Address
- 850 Ladd Rd Building D Walled Lake, Oakland, Michigan, 48390
- Coordinates: 42°32′06.4″N 83°29′24.1″W﻿ / ﻿42.535111°N 83.490028°W

District information
- Type: Public
- Motto: Every Child, Every Day
- Grades: PK–12
- Established: 1922
- Superintendent: Dr. Michael Lonze
- Budget: $269,512,000 2022-2023 expenditures
- NCES District ID: 2635160

Students and staff
- Students: 11,818 (2024-2025)
- Faculty: 695.31 (on an FTE basis) (2024-2025)
- Staff: 1,887.62 FTE (2024-2025)
- Student–teacher ratio: 17.0 (2024-2025)
- Athletic conference: Lakes Valley Conference
- Colors: Blue & White

Other information
- Number of Schools: 20
- Website: www.wlcsd.org

= Walled Lake Consolidated Schools =

School district in Michigan

The Walled Lake Consolidated School District is a public school district in Metro Detroit in the U.S. state of Michigan, serving Walled Lake, Wixom, Wolverine Lake, and portions of Commerce Township, Novi, Farmington Hills, Orchard Lake Village, West Bloomfield, and White Lake Township.

==History==
Walled Lake Consolidated School was built in 1922 at 615 North Pontiac Trail, and included all grades and a high school. The school housed about 200 students from the 52 square mile district. In the late 1940s, enough elementary schools had been built in the district to allow the Consolidated School to become a junior/senior high school. A new senior high school was built in 1954 and the original building became a junior high. The Dublin School District was annexed by the district in 1967, leading to the construction of Walled Lake Western High School in 1969. Walled Lake Northern High School was dedicated in 2003.

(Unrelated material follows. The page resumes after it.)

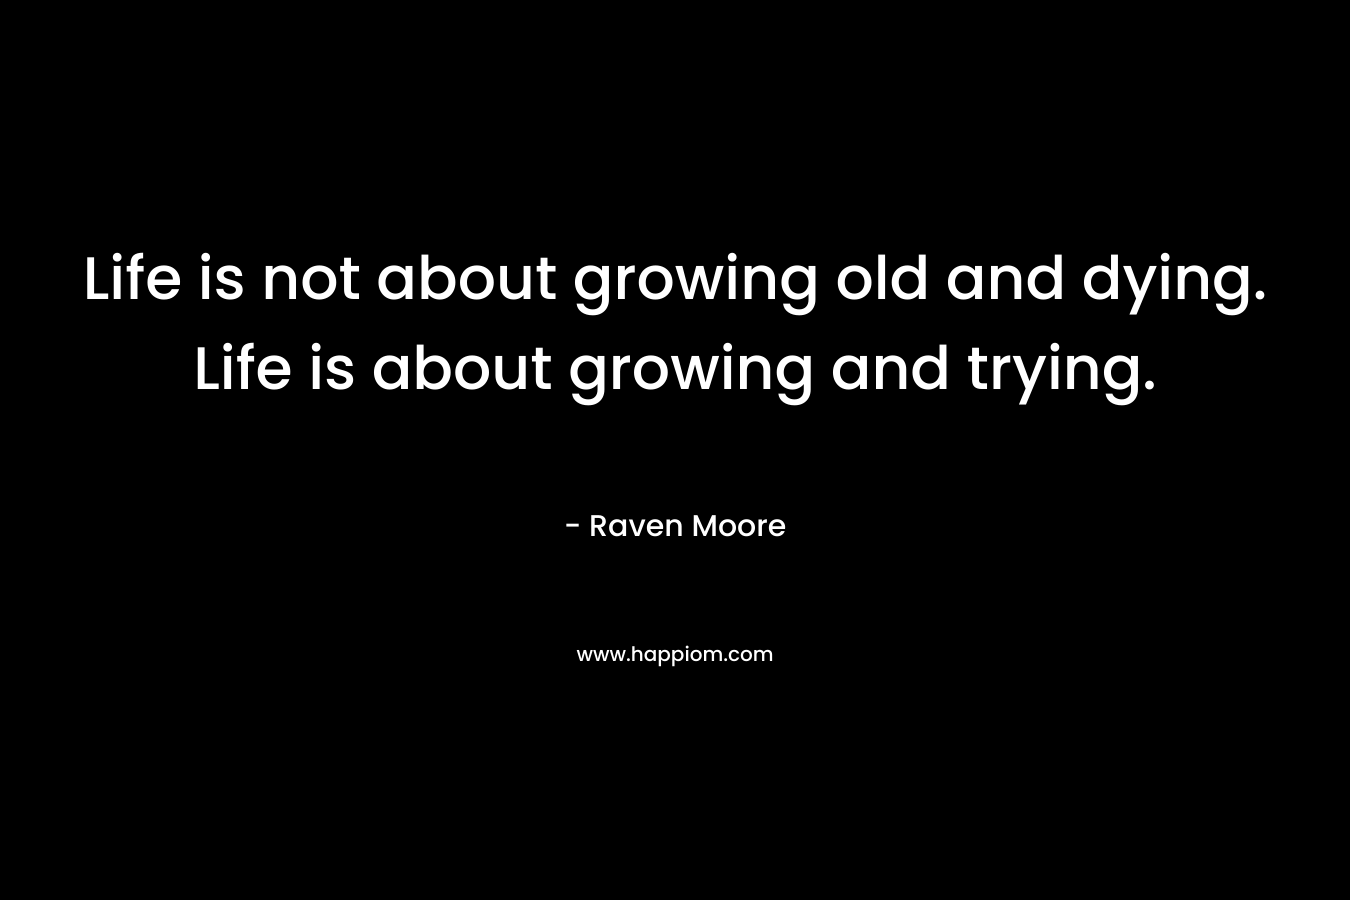 Life is not about growing old and dying. Life is about growing and trying.
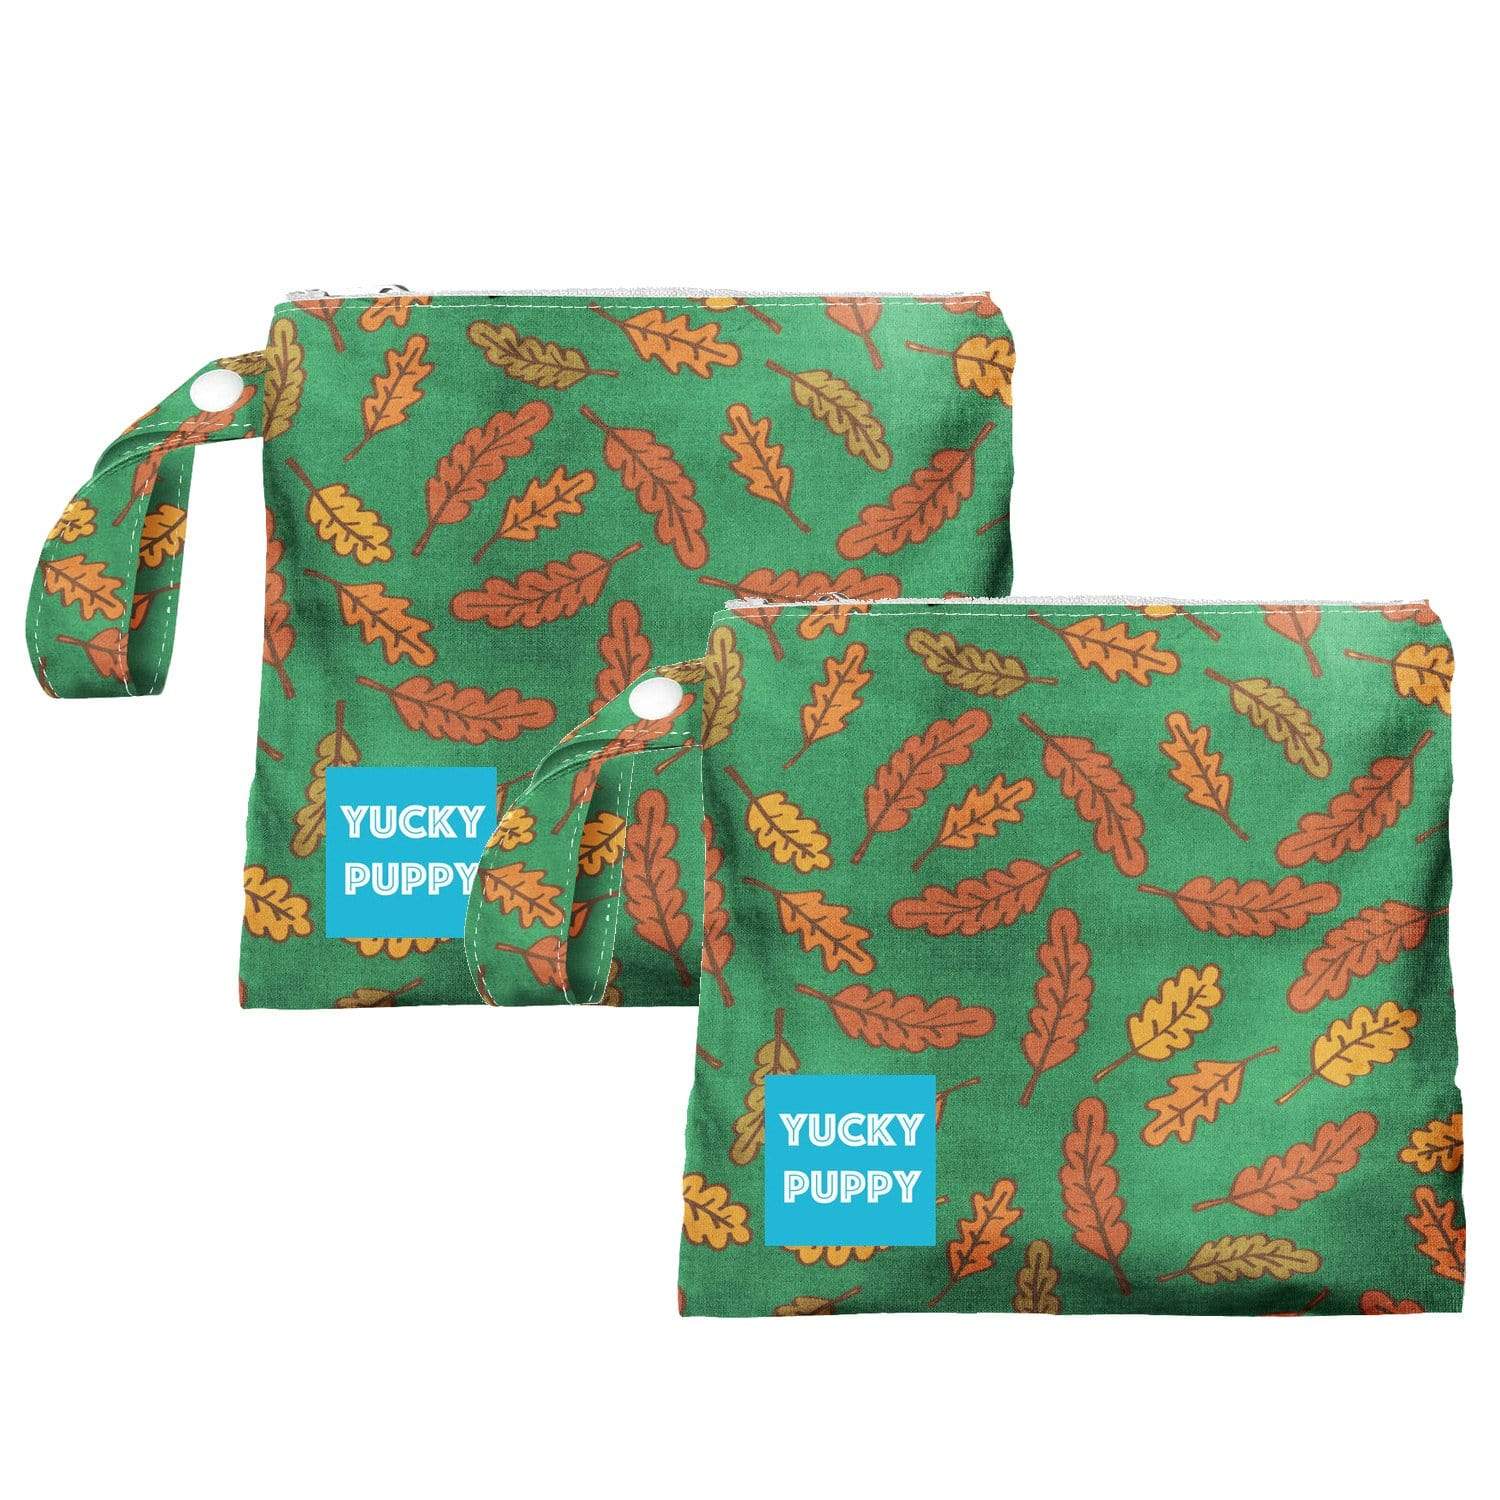 Yucky Puppy Standard + XL Fall Leaves Dog Poop Bag Holders (Set of 2 Bags)

In 2010 the district reported having a potential deficit of $22.7 million for the 2010–2011 school year. The district proposed a deficit reduction plan which proposed privatizing transportation and custodial services and laying off 300 district employees, including teachers.

The original Consolidated School had become the Community Education Center in 1992. In 2017, the school board voted to close the Community Education Center due to increased costs and decreased funding from the state. The district at the time was also completing the Safety, Security and Technology Bond, that was approved by voters in 2014. When it became time to renovate the Community Education Center, it was determined that due to the age and functions of the building, it would not be fiscally-responsible to complete the projects for that building. The City of Walled Lake filed a lawsuit against the school district to prevent it from being demolished, which the district had gone out to bid for. City officials cited that the building is a historic landmark in the city. In spite of this, demolition of the Community Education Center was completed in late 2018.

==Schools==

Schools in Walled Lake Consolidated Schools district
| School | Address | Notes |
High schools
| Walled Lake Central High School | 1600 Oakley Park Road, Walled Lake | Built 1954. |
| Walled Lake Northern High School | 6000 Bogie Lake Road, Commerce Township | Built 2003. |
| Walled Lake Western High School | 600 Beck Road, Walled Lake | Built 1969. |
Middle schools
| Clifford Smart Middle School | 8500 Commerce Road, Commerce Township |  |
| Sarah Banks Middle School | 1760 Charms Road, Wixom |  |
| Walnut Creek Middle School | 7601 Walnut Lake Road, West Bloomfield Township |  |
Elementary schools
| Commerce Elementary School | 520 Farr Street, Commerce Township |  |
| Dublin Elementary School | 425 Farnsworth Road, White Lake Township | Opened fall 2022. |
| Glengary Elementary School | 3070 Woodbury Street, Walled Lake |  |
| Mary Helen Guest Elementary School | 1655 Decker Road, Walled Lake |  |
| Hickory Woods Elementary School | 30655 Novi Road, Novi | Opened fall 1991. |
| Keith Elementary School | 2800 Keith Road, West Bloomfield Township |  |
| Loon Lake Elementary School | 2151 Loon Lake Road, Wixom |  |
| Meadowbrook Elementary School | 29200 Meadowbrook Road, Novi |  |
| Oakley Park Elementary School | 2015 Oakley Park Road, Walled Lake |  |
| Pleasant Lake Elementary School | 4900 Halsted Road, West Bloomfield Township |  |
| Wixom Elementary School | 301 North Wixom Road, Wixom | New building planned for fall 2027 opening. |
Early childhood centers
| Twin Sun Early Childhood Center | 850 Ladd Road Building D, Walled Lake |  |
| Dublin Early Childhood Wing | 425 Farnsworth Road, White Lake Township |  |
| Walled Lake Early Childhood Center | 40839 Thirteen Mile Road, Novi |  |

===Defunct schools===

- Community Education Center (Walled Lake)
- James R. Geisler Middle School (Commerce Township)
- Maple Elementary (West Bloomfield)
- Twin Beach Elementary School (West Bloomfield)
- Union Lake Elementary School (Commerce Township)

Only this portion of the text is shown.